▶ **Task item**
Your answer should be an exact copy of the lines from the start of the entries to the line containing "Cyclist overtaking car", both included.

════════════════════

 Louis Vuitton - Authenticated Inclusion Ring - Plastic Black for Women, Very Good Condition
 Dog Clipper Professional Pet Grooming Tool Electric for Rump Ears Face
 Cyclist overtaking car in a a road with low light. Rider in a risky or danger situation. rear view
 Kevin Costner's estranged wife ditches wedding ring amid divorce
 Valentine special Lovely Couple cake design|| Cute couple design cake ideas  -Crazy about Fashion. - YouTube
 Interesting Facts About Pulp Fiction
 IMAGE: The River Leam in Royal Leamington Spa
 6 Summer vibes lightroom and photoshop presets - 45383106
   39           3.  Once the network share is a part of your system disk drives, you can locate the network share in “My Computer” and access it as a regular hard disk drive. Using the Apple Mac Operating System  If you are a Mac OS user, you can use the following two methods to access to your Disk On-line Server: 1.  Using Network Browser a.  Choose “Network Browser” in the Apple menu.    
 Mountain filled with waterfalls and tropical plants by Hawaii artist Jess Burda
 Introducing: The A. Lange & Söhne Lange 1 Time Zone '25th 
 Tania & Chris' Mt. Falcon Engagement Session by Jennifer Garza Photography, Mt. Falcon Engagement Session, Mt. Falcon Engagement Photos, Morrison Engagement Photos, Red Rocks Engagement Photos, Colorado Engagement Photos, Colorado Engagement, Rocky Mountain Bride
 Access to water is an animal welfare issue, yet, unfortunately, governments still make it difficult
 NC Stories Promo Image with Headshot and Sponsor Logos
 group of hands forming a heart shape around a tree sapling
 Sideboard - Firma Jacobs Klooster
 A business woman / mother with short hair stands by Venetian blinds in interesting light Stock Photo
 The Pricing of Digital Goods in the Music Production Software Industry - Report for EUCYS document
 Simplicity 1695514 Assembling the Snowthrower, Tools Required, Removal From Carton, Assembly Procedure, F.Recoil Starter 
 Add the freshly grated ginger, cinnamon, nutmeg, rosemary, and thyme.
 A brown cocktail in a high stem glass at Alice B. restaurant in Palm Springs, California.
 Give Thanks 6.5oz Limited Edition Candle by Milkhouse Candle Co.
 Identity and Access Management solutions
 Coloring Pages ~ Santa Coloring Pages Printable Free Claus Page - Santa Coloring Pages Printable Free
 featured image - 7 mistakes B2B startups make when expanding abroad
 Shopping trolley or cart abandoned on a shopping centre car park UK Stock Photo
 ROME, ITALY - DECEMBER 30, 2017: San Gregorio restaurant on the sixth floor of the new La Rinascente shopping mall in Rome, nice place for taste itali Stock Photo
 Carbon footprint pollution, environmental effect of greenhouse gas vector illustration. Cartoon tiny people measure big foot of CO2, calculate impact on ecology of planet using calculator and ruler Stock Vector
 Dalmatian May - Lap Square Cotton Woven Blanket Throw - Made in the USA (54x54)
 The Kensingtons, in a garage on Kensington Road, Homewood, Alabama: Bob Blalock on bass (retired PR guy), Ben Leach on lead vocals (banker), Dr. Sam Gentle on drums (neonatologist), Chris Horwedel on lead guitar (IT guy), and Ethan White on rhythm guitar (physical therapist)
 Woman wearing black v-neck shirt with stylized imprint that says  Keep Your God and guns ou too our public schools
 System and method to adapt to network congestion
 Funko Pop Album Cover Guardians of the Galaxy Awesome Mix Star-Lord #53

════════════════════

▶ **Answer**
 Louis Vuitton - Authenticated Inclusion Ring - Plastic Black for Women, Very Good Condition
 Dog Clipper Professional Pet Grooming Tool Electric for Rump Ears Face
 Cyclist overtaking car in a a road with low light. Rider in a risky or danger situation. rear view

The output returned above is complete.